DESCRIPTION OF THE TASK: Transcribe the data in full and exactly, omitting any pictures.

INFORMATION SHOWN:
╔══

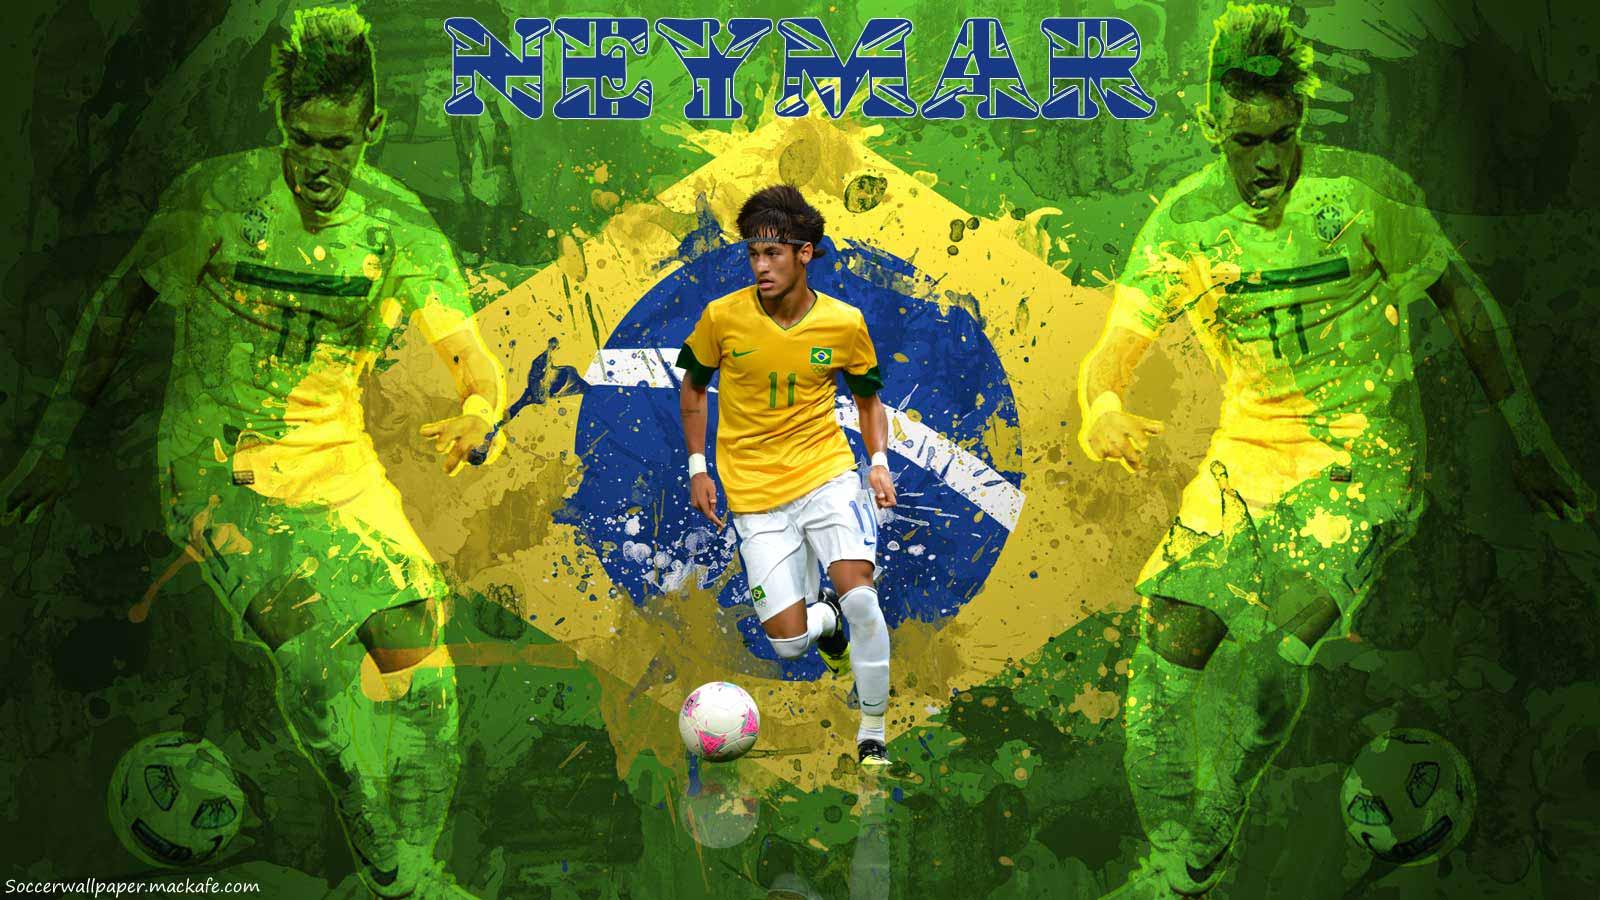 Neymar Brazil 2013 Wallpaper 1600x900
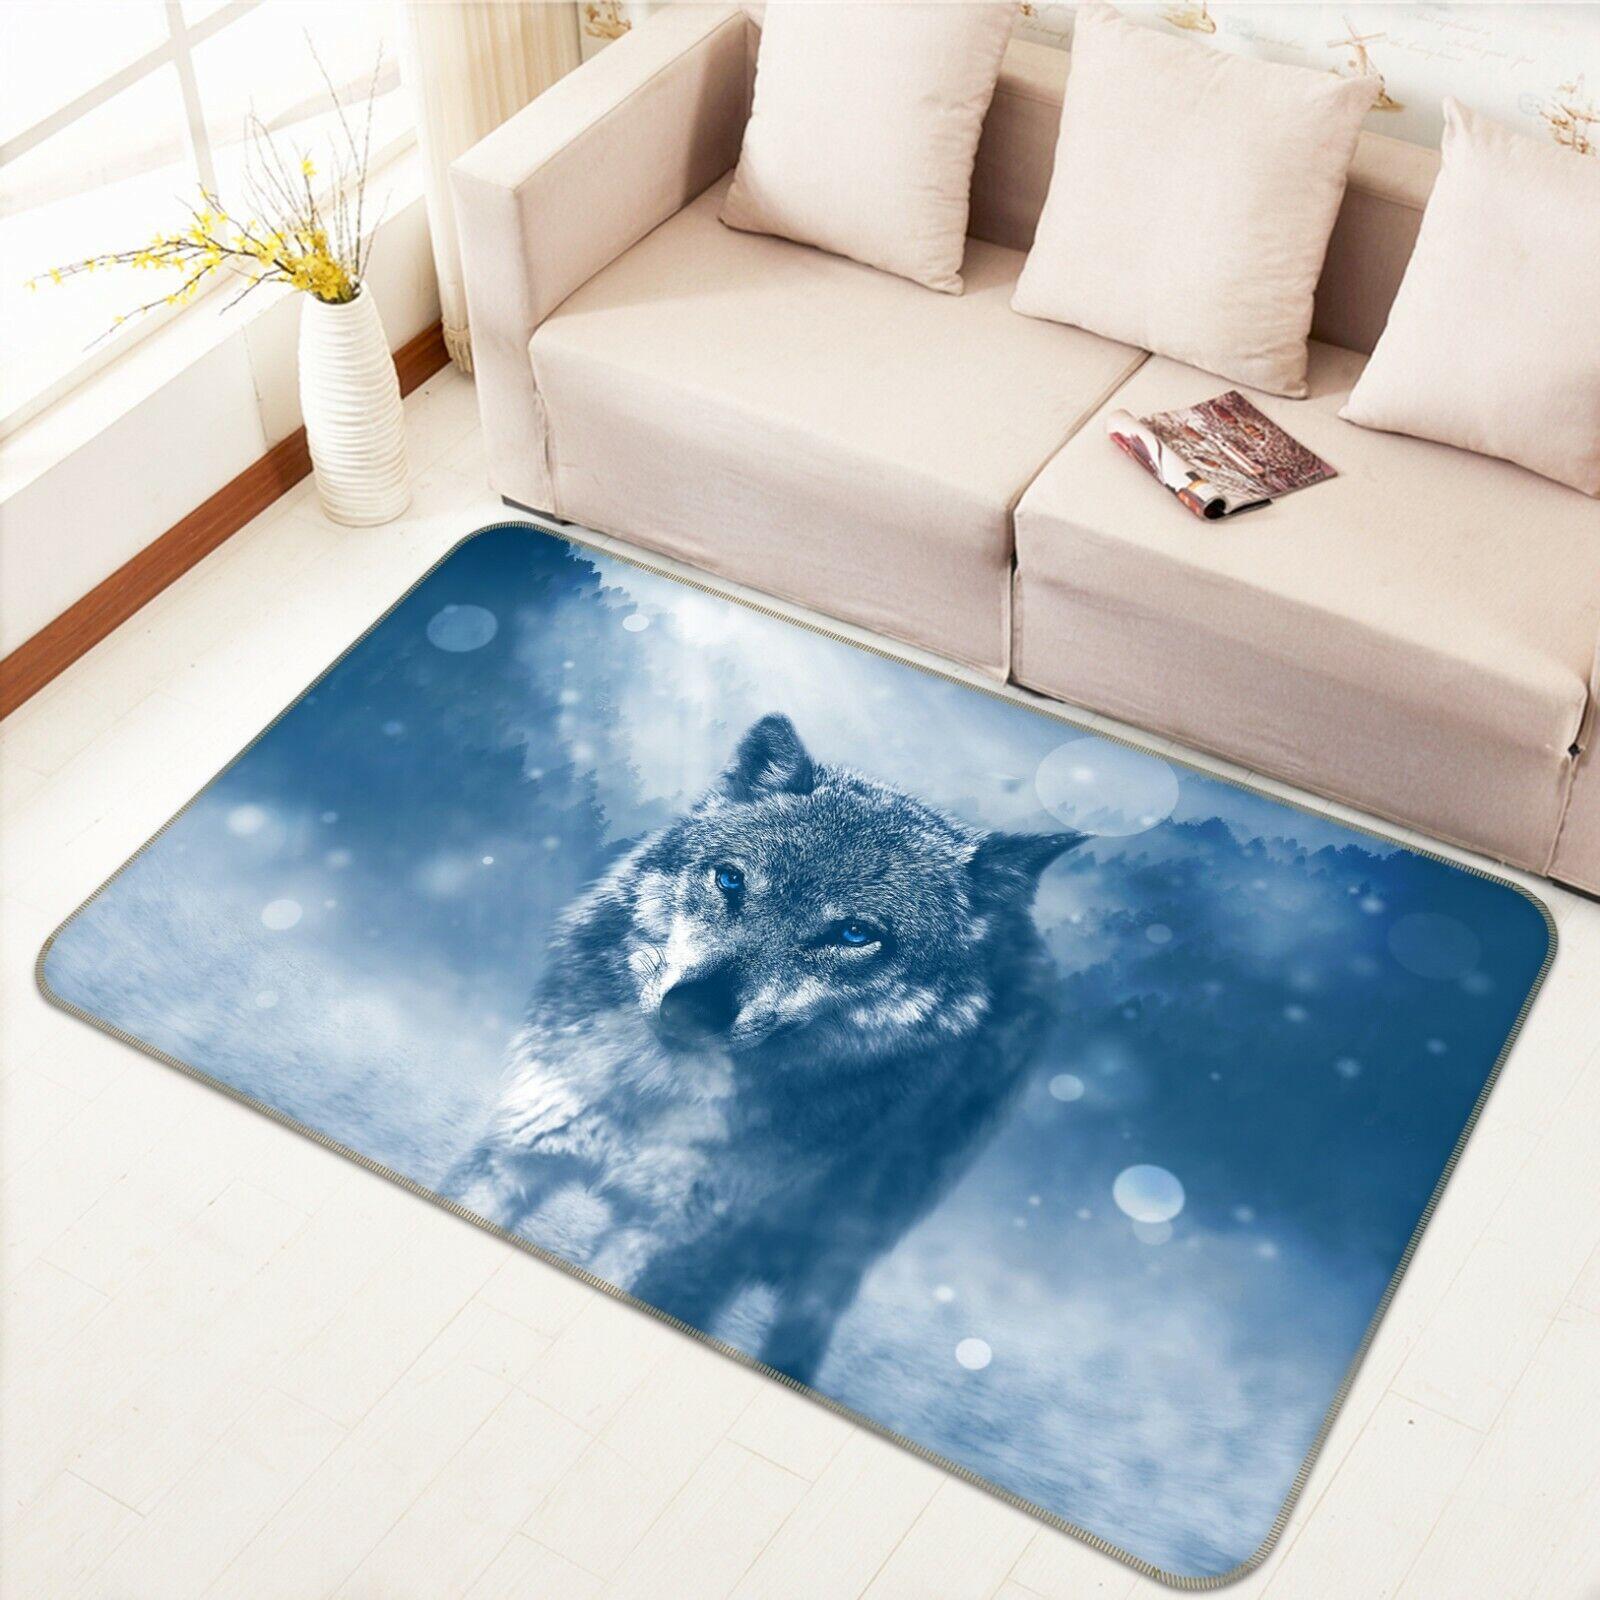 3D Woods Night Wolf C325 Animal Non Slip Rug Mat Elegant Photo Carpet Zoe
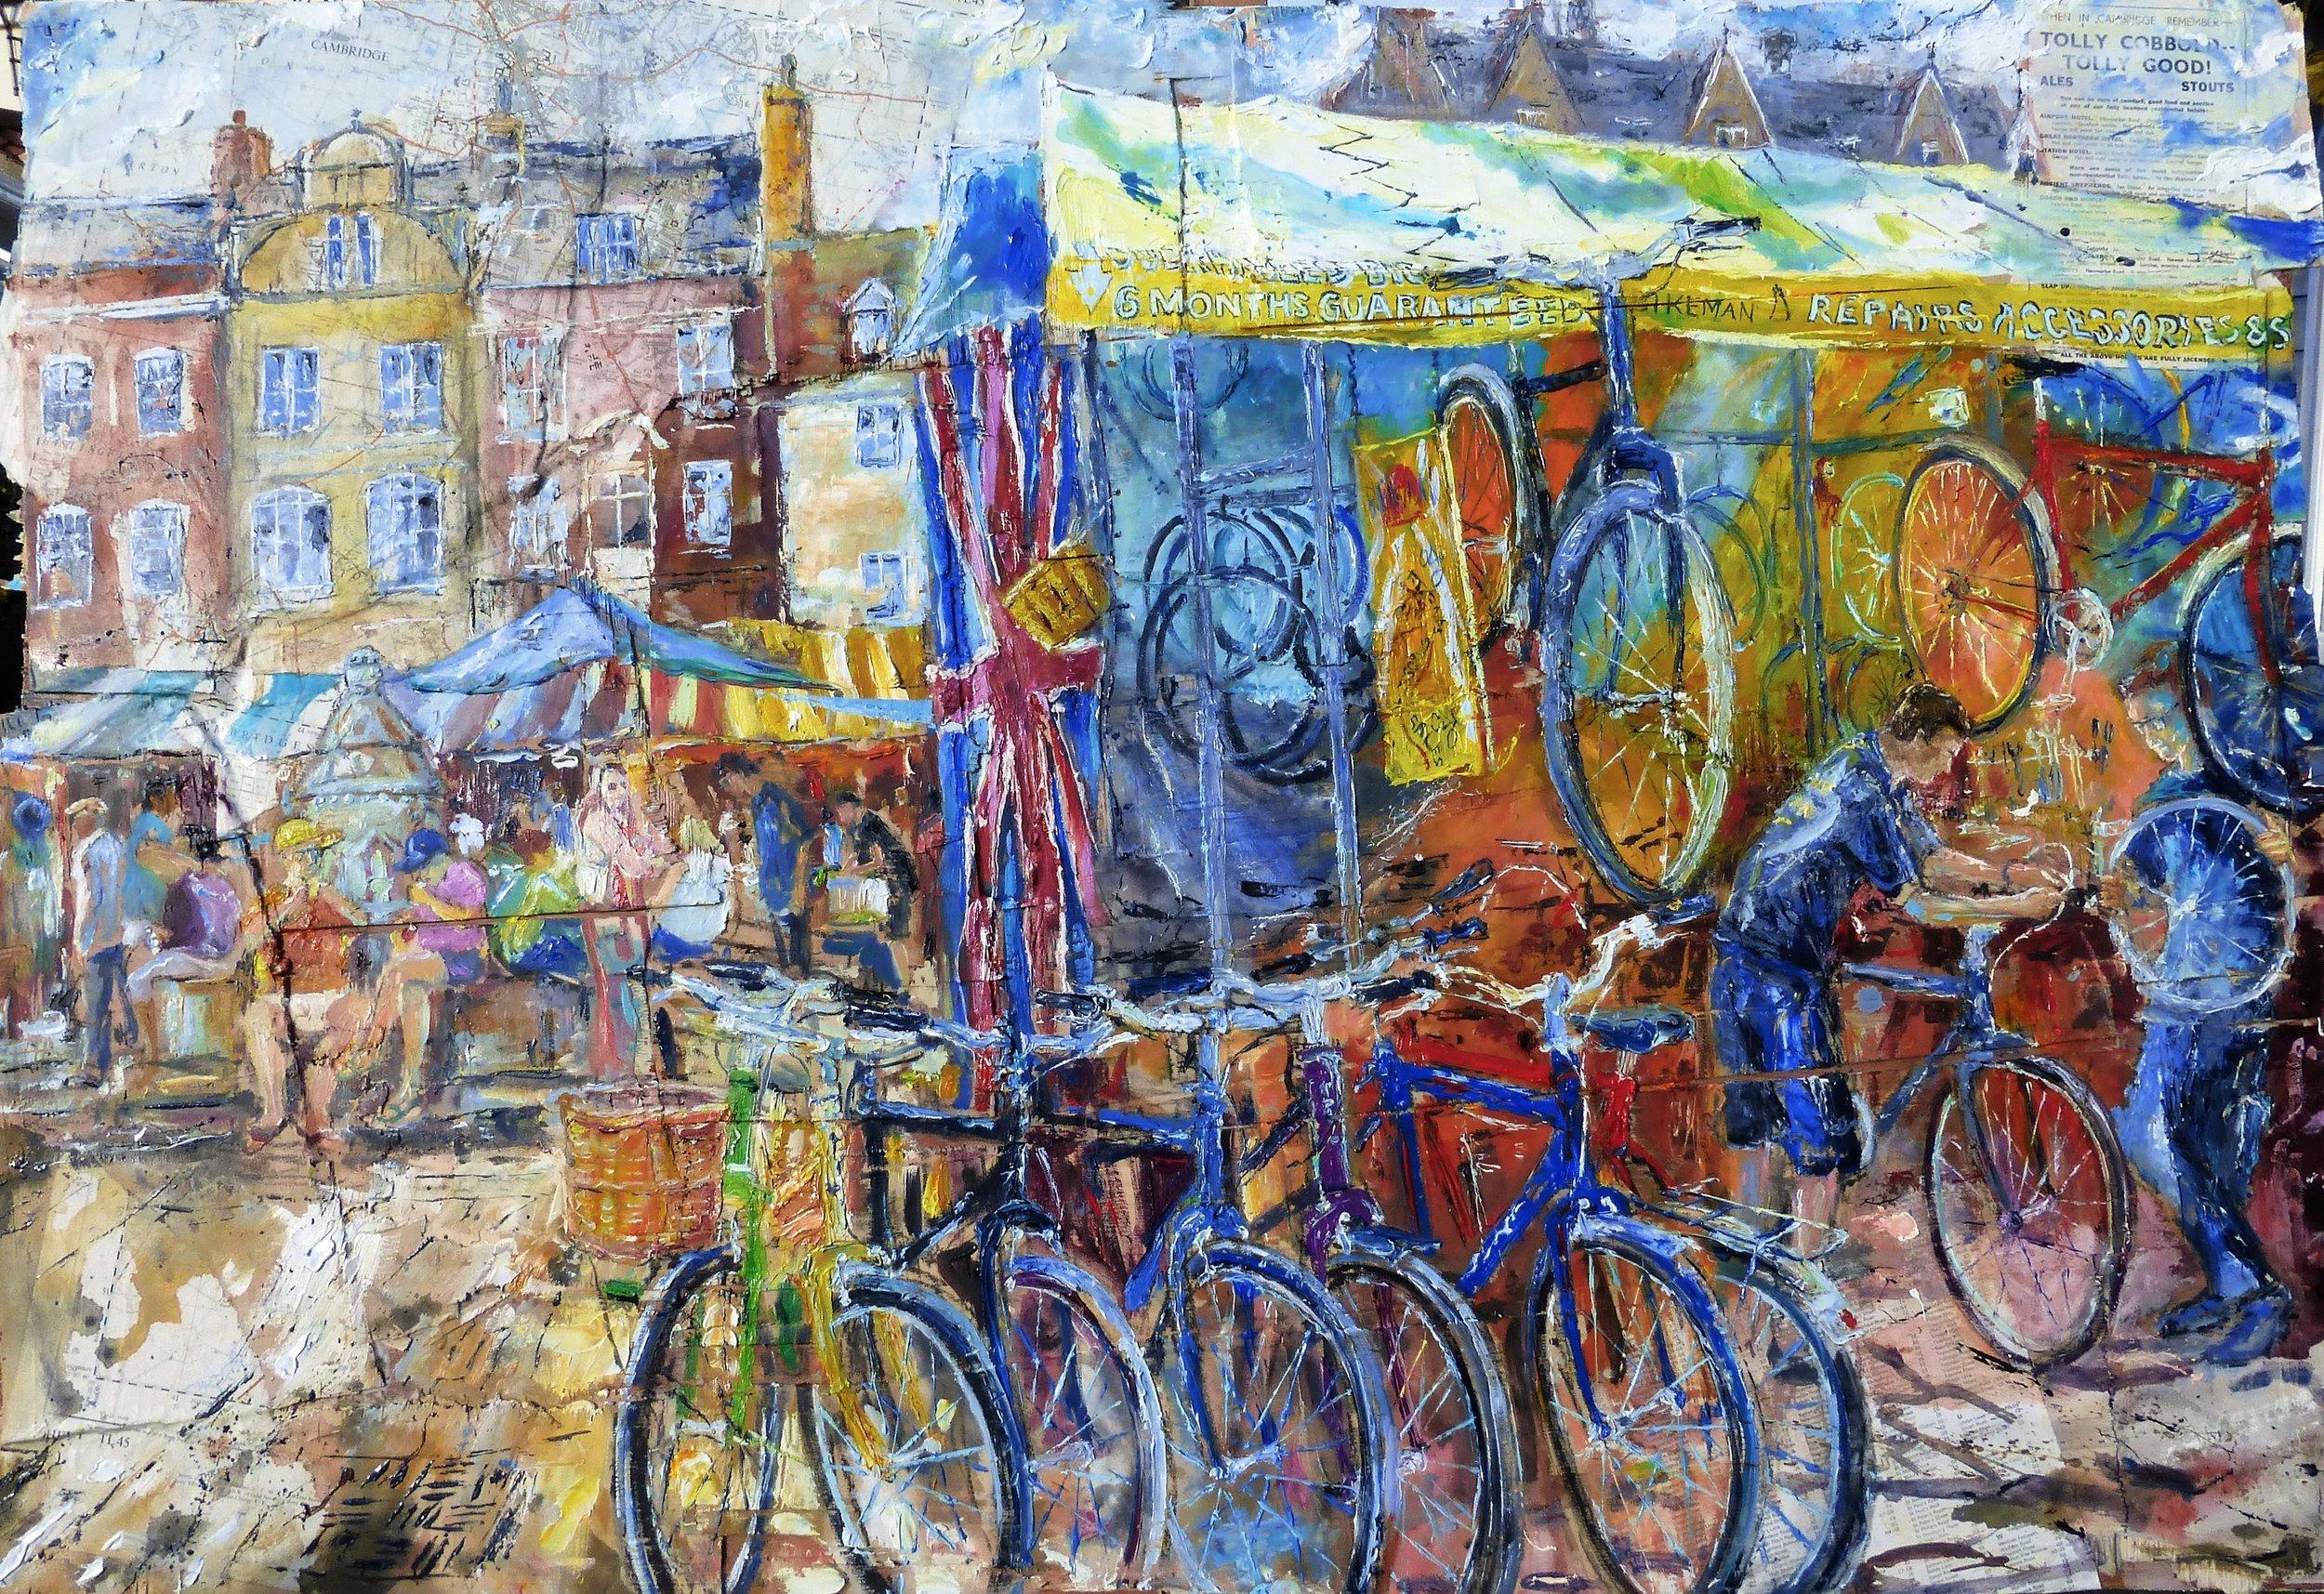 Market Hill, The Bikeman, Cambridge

╚══

WRITTEN RESPONSE:
 Neymar Brazil 2013 Wallpaper 1600x900
 3D Woods Night Wolf C325 Animal Non Slip Rug Mat Elegant Photo Carpet Zoe
 Market Hill, The Bikeman, Cambridge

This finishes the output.